Alan Bond: The likable chancer who lived by pushing the rules in business and sport
Published on June 8th, 2015
by Barry Pickthall
Alan Bond, arguably Australia’s best-known personality, has died at the age of 77 following complications during open-heart surgery. He came to fame by winning the America’s Cup from the New York YC at the fourth attempt in 1983, breaking the longest sporting run in history. Australians marked it by taking a National holiday. From then on, anything Bond touched appeared to turn to gold.
Stock in his Bond Corporation soared. He took over the Swan brewery, the Chilean telephone system and bought Australia’s Channel 9 TV station for $1 Billion.. He even bought a complete village in the UK and masterpieces purchased for record prices, decorated his corporate walls.
It was all bought on tick, but only one person – Tiny Rowland – saw this burgeoning mountain of debt for what it was … junk.

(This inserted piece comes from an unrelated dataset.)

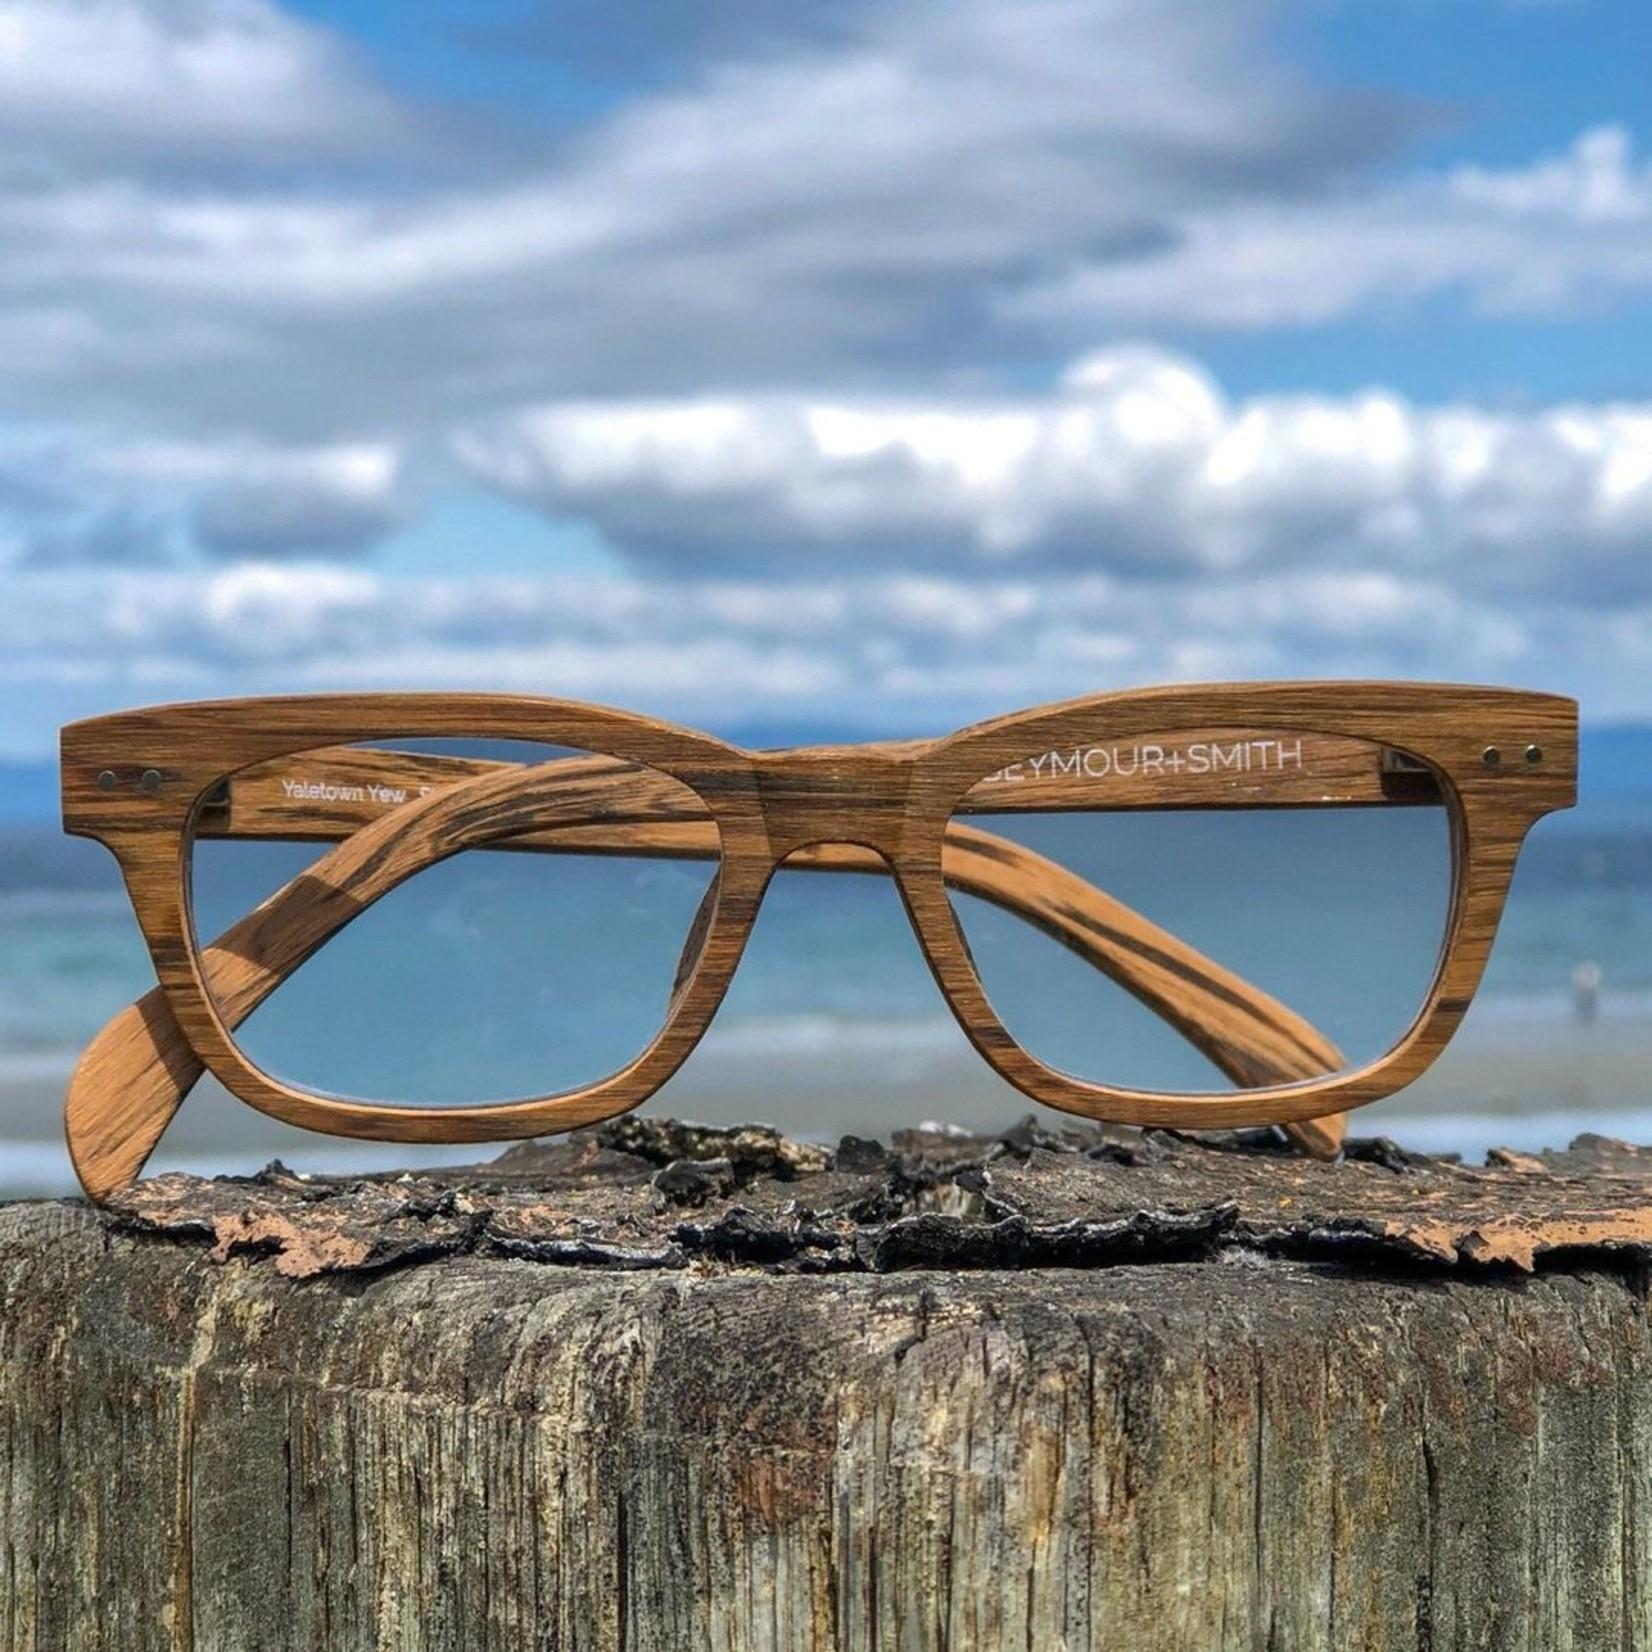 Seymour + Smith Yaletown Yew Reading Glasses

Bond saw Rowland’s cash-rich Lonrho Corporation as yet another juicy takeover target. Tiny saw Bond as the unwelcome opportunist.
Peter de Savary, whose Victory ’83 was beaten by Australia II in the finals of the challenger trials, warned Bond not to take on Rowland. The last people to attempt to snatch Lonrho had been killed in a plane crash. Rowland countered Bond’s advances by sending a team of forensic accountants to Australia who stripped away the veneer of credibility to show the Bond Corporation to be bankrupt and trading illegally in 1989.
The first time reality struck Bond was on Hobart dock after competing in Sydney Hobart race with his maxi yacht Apollo. There he learned that his brewery empire had been put into receivership while he was at sea. The rest of the Bond Corporation fell shortly after and Bond later became the biggest bankrupt in Australian history with debts of $1.8 billion.
He served 3 prison sentences, but auditors failed to find his secret fortune. During the third court appearance, where he claimed loss of memory caused by the onset of dementia, prosecutors checked his hotel telephone records and found Bond had been making regular calls to Switzerland. The number turned out to be a public telephone box in Zurich rail station.
What he will be remembered for most, however, was beating the New York YC at their own game.
The New Yorkers had been waiving the America’s Cup rules to their own advantage for the previous 132 years, until Ben Lexcen designed Bond’s victorious Australia II with its remarkable wing keel. Club members were convinced that the idea had been conceived by Dutch aerospace scientists and not the Australian designer as the rules prescribed, but were unable to prove it. It was only much later that the truth prevailed, and by that time, the Cup had gone Down under.